It's becoming a cliche to liken Obama to Lincoln. I do it myself. Today on the Brian Lehrer show on public radio in New York, Adam Gopnik did it. Well I've been reading Lincoln, and also reading Yale scholar David Bromwich's piece in Raritan, 2001, on "Lincoln's Constitutional Necessity," about how Lincoln broke the slave-power. The piece is not online, but in it Bromwich states that Lincoln was a relative newcomer–like Obama– and "a man of ostensibly moderate political complexion" whose personal "humiliations" gave him the ability to build a political majority in ways that fanatical abolitionists, who had an "incapacity for common feeling," could never do. The conclusion: "He is a member of a party of resistance but so humanized, so general in his sympathies at last, that he can serve as the animating power for a triumph of charity over the human obstacles in its path." Wow. Stirring.

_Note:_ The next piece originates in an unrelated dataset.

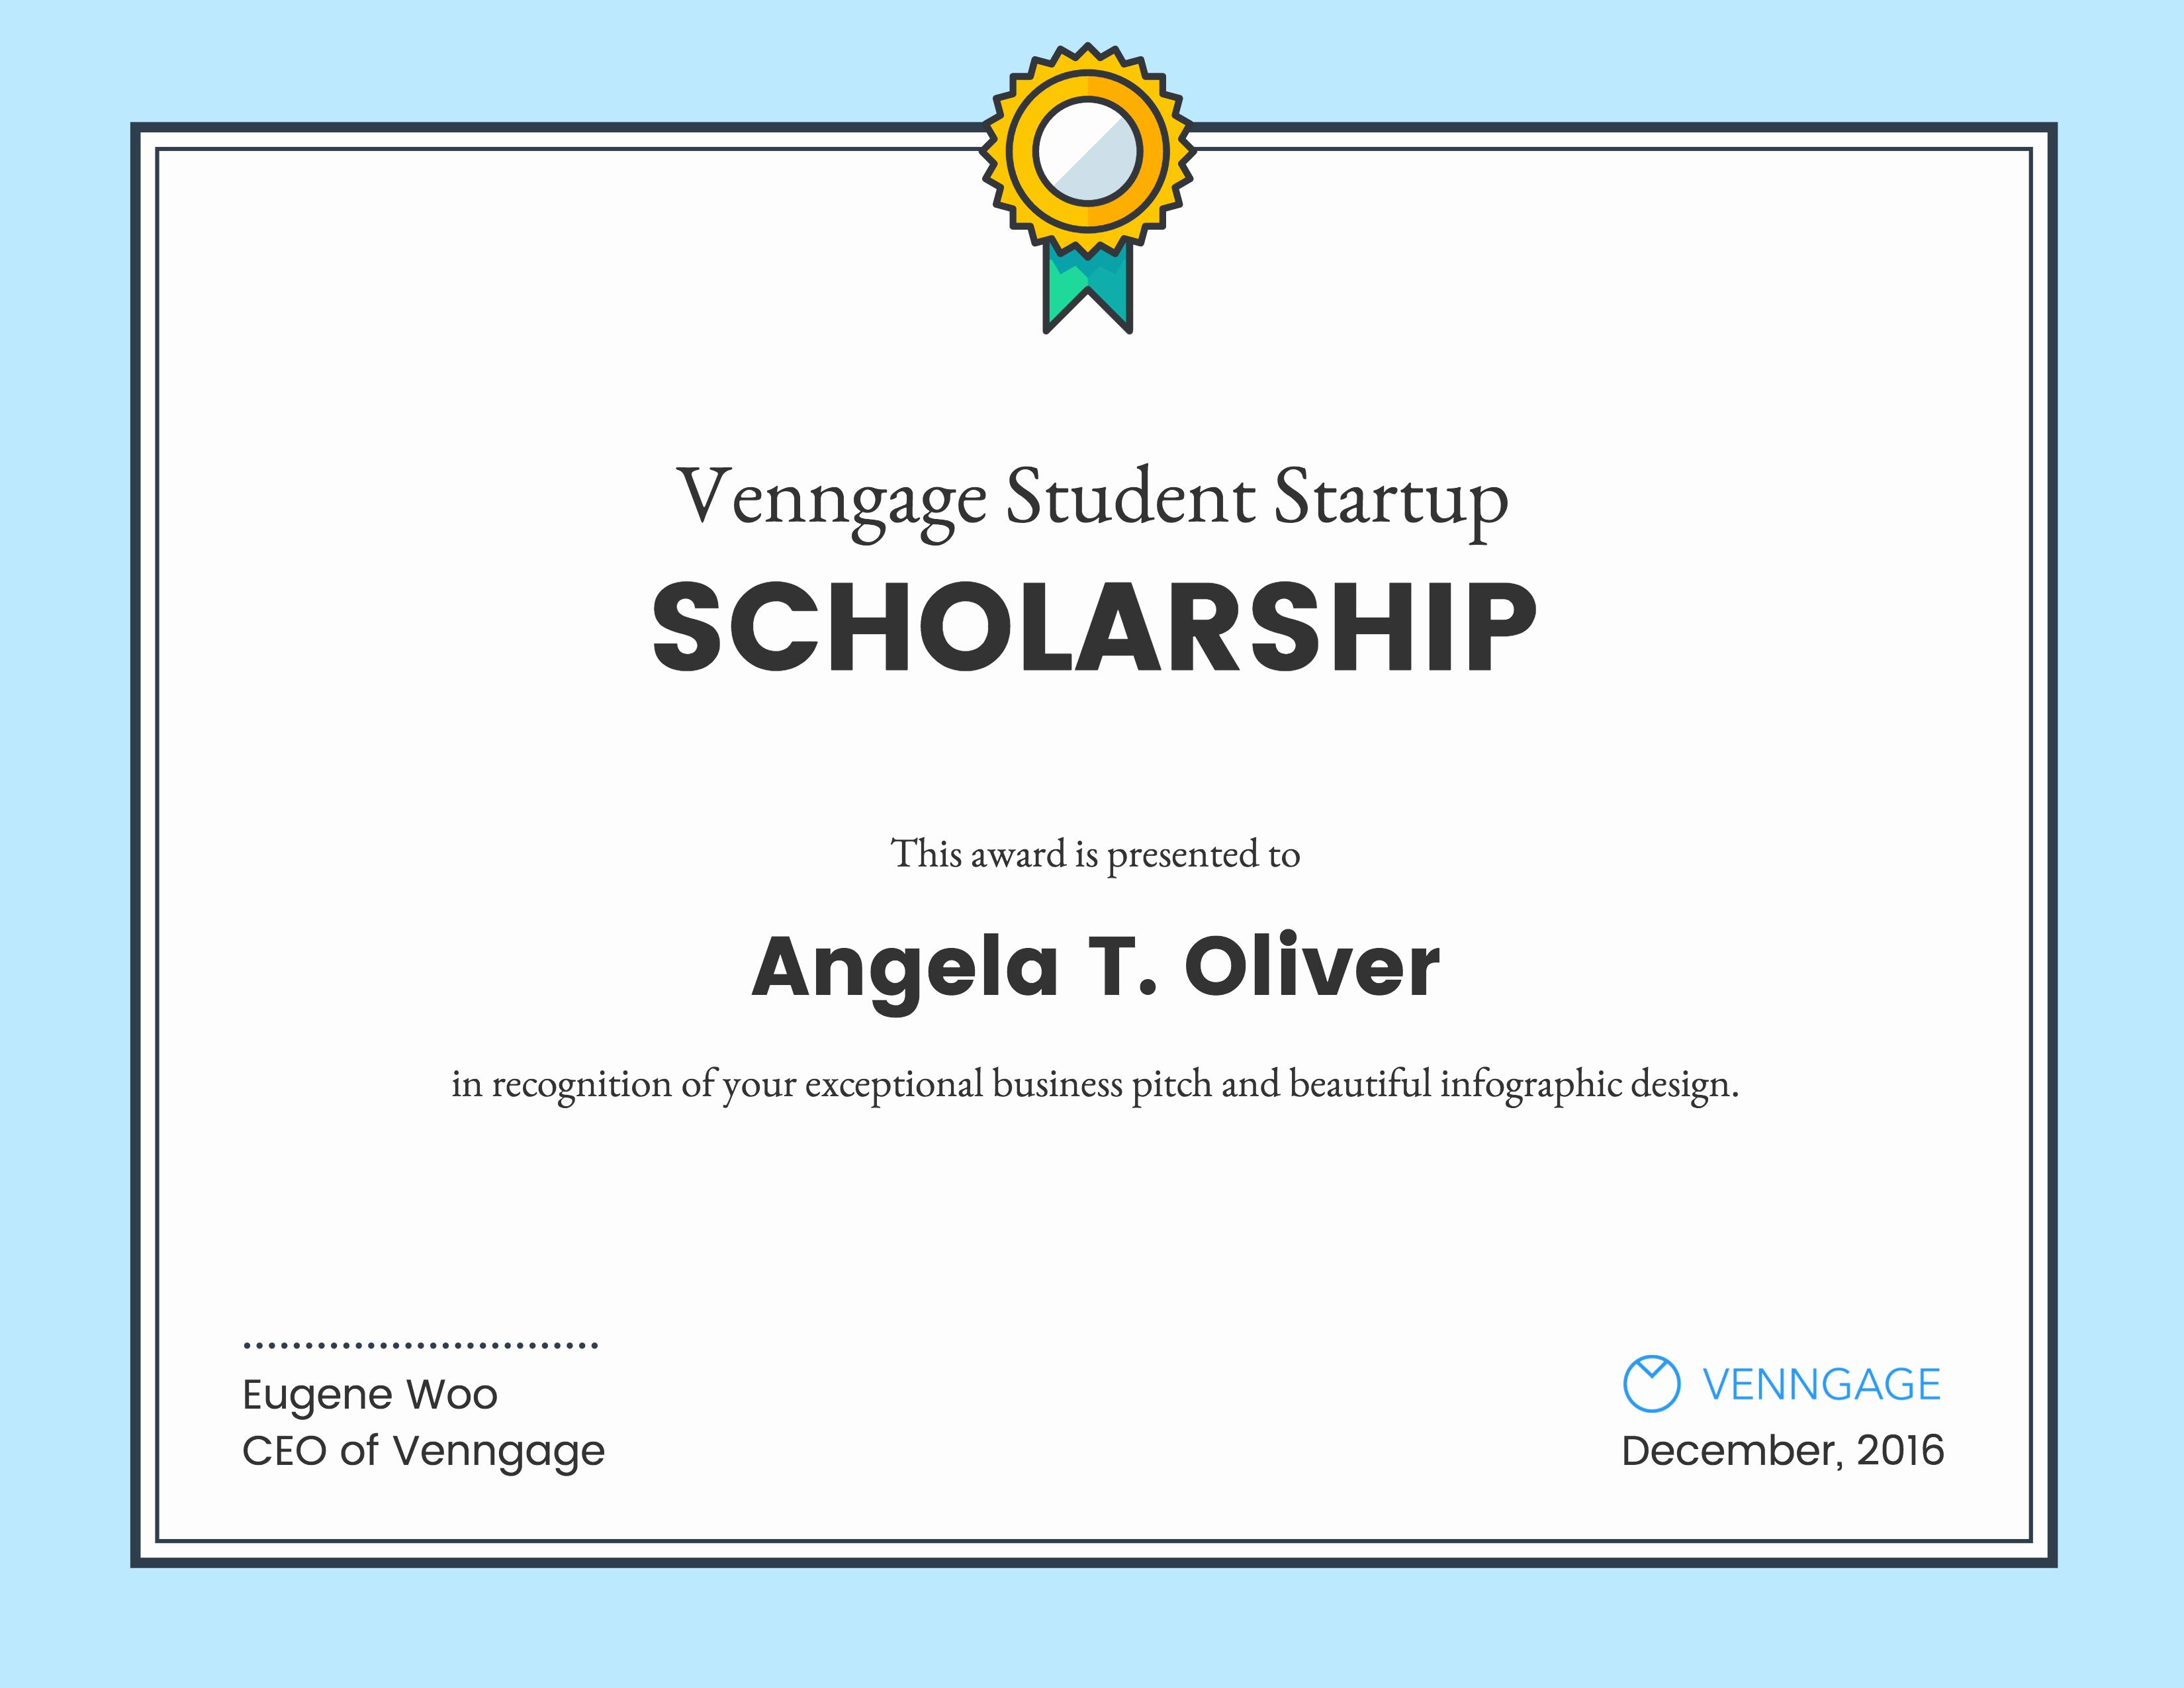 Scholarship Award Certificate Templates New Venngage Student Scholarship Winners Venngage

A party of resistance. I feel myself a member of it today. And my president-elect has experienced humiliation, that vital element of Lincoln's efficacy. I emailed Bromwich about the comparison. He wrote:
We are all trying to figure out what his center-right cabinet choices amount to. Lincoln's team of rivals after all was a team in clear accord with the political positions he took in 1859 and 1860. Obama is up to something different–appeasing the political establishment to the top of his bent, but with choices who, if they stay what they were and he stays what he was, he must either fire or bend himself to accommodate. The complete absence of persons who
opposed the Iraq war from the start is really mystifying; as if Lincoln had decided that the public declaration of abolitionist views was a disqualification for service in his cabinet.
I find this very clarifying. Mr. Obama, please respond.